While many businesses are still getting used to the idea of having any kind of Web presence, forward-thinking companies are looking at blogs as simple, self-sustaining Web sites and Intranets. Blogging can be a remarkably effective marketing tool. It’s also an excellent way to stay in touch with customers and hear concerns that can be an early warning system of potential problems. Many marketing campaigns cry out for blogs, but companies are missing great opportunities.

If you, too, would like a similar obsequiously written rexblog post about how great your writing is, please feel free to mention this weblog in your next column.





June 29th, 2004

iDisk outage: If the discussions at Apple.com are any indication, this weblog’s problems with iDisk are fairly widespread. As this is a service run by a large corporation for which this weblog pays $100 a year, we feel it is appropriate to publicly chatise Apple Computer Inc. for not at least posting a message explaining why the service is not working. We really like how easy it is to use iDisk and some other handy .Mac features but 12-hour (and counting) blackouts are not among that list.





June 29th, 2004


Theme week: Yesterday this weblog posted two items about magazines wallowing in consumerism and cliched street pop culture. So, it seems appropriate that to today we blog the vaporzine announcement of the third attempt at Trump World, slated for a September launch.

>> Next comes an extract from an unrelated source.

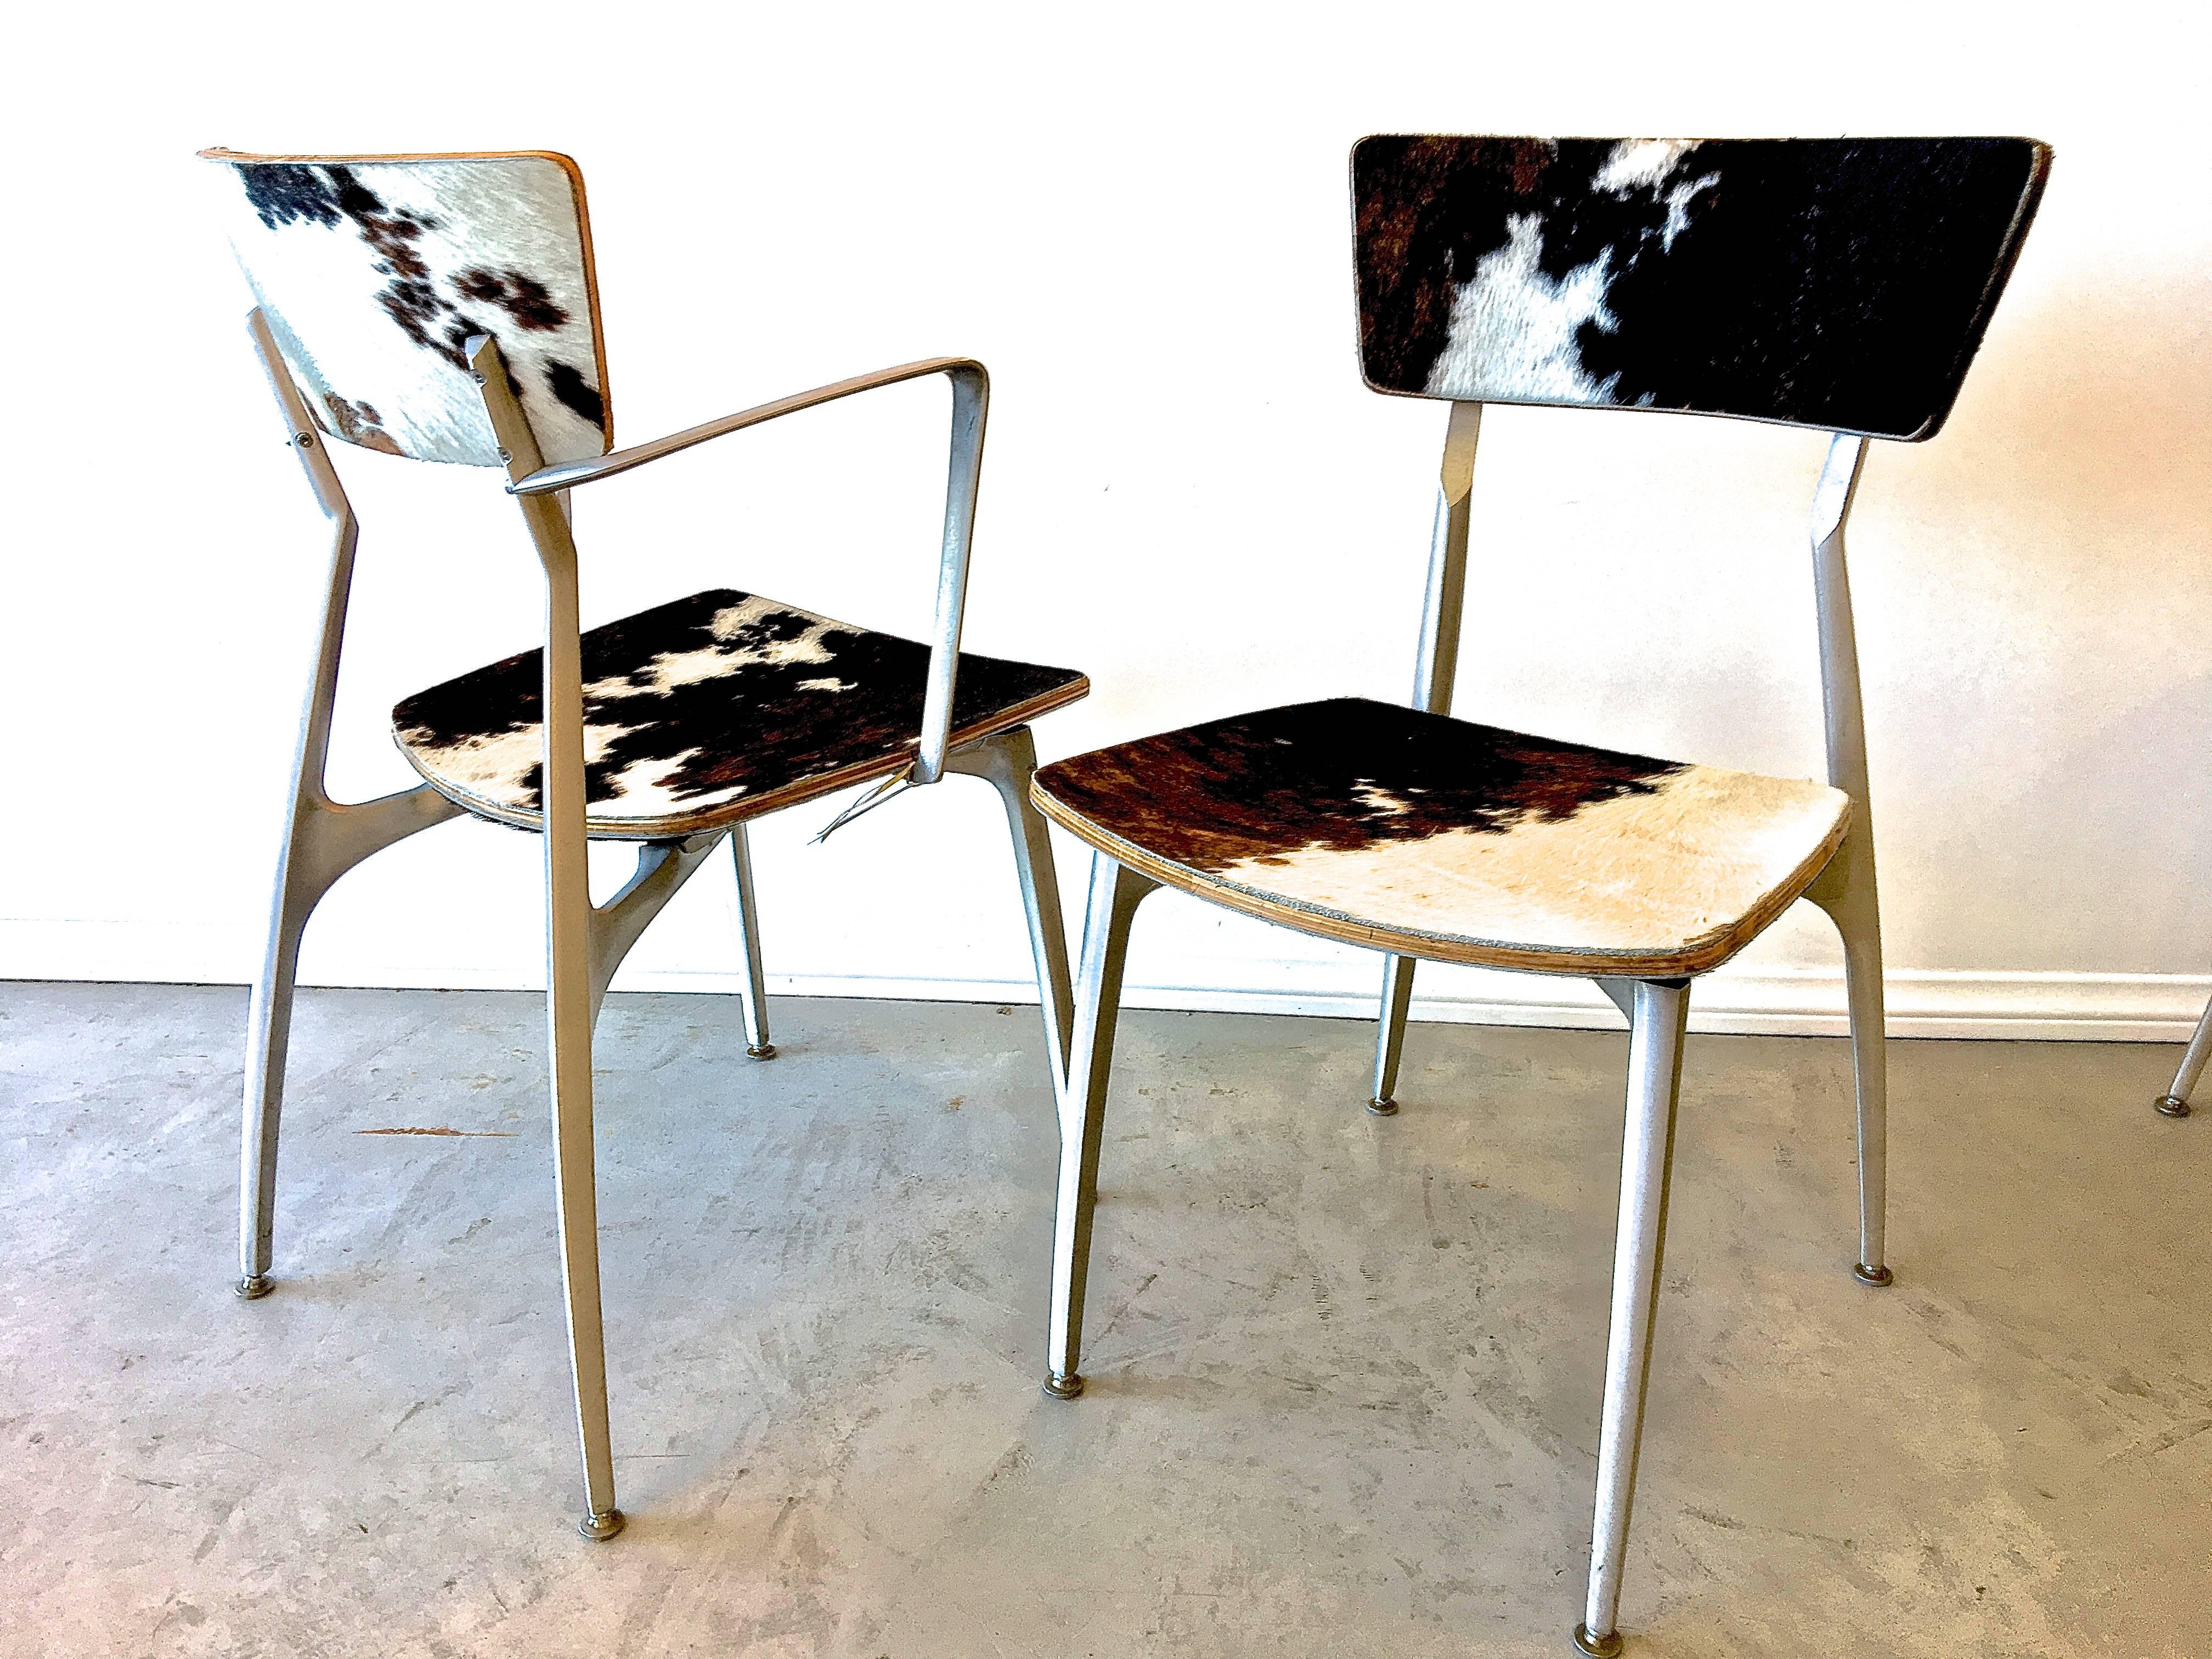 Mid-Century Modern set of four dining height chairs - two arm and two side - sculpturally formed from sand-cast aluminum and covered in handsome cowhide. The angles and minimal lines of each chair provide ergonomical comfort as well as a striking

(rexblog flashback: November 14, 2002: [Macro error: Can't evaluate the expression because the name "ftpSite" hasn't been defined.]
)





June 28th, 2004

Pixlless: This weblog appears to have lost all of the images stored on iDisk. Somebody at Apple needs to stop working on all those cool new “Tiger” features and get my .Mac account fixed.





June 28th, 2004

Trippin’: MediaPost’s Michael Shields profiles Complex Magazine (which raises a philosophical question I wish one of the five rexblog readers could help me answer: “Is Complex Magazine the opposite of Real Simple Magazine?”)

Quote:

Jimmy Jellinek believes that the two-and-a-half-year-old Complex Magazine is riding a wave of change in the magazine world, where product-centric editorial is more the norm…. “This is where publishing is going, toward more consumerism,” he said. “People are making statements about their inner selves with the products they buy. It’s really beyond race, beyond class. It is consumerism as a lifestyle.

Actually, Jimmy, if that is where publishing is going, why not just leap over Complex and go straight to the destination?